Abstract

The aim of this study was to compare the impact of a semi-upright swing with a standard crib on vital signs in infants in the neonatal intensive care unit (NICU). We performed a within-subjects' comparison of vital signs of NICU infants corrected to ≥34 weeks of gestation and placed in the supine position versus the semi-upright position in a swing. The primary outcome was the mean oxygen saturation, and the secondary outcomes were the mean heart rate, the proportion of time with oxygen saturation (SpO2) <90%, and respiratory rate. Of the 65 infants, 34 (57%) were male and 32 (50%) were black. The mean ± SD gestational age at birth was 32.4 ± 5.1 weeks. In all, 40% were on noninvasive respiratory support.
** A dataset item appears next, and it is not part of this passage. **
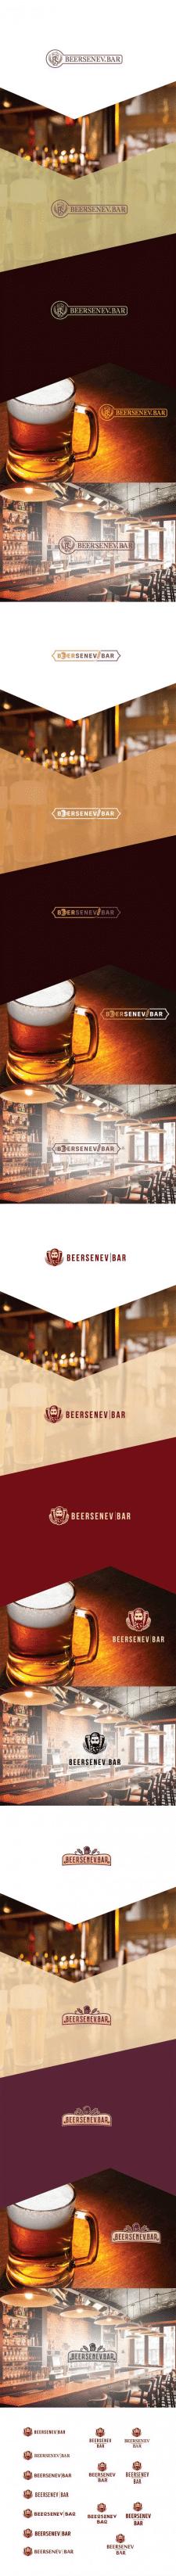 Бар крафтового пива «Beersenev.bar»

There were no significant differences in oxygen saturation, heart rate, time with oxygen desaturation defined by SpO2 < 90%, or respiratory rate between the supine and semi-upright positions. A higher risk of desaturations was observed in infants without respiratory support (RR, 1.24, 95% CI, 1.15-1.33) and low-birth-weight infants (RR, 1.55, 95% CI, 1.42-1.69). The placement of infants in a semi-upright swing resulted in no discernible differences in averaged vital signs compared to the supine position in NICU infants. We identified no significant differences in averaged oxygen saturation, heart rate, or respiratory rate among NICU infants placed in a semi-upright swing compared to the supine position. Desaturation events occurred at a higher frequency in low-birth-weight infants and those on room air when placed in the swing, although none required oxygen supplementation. The results from the current study support that it is probably safe to use semi-upright swings in the NICU environment, although additional studies are necessary for generalization to the unmonitored home environment.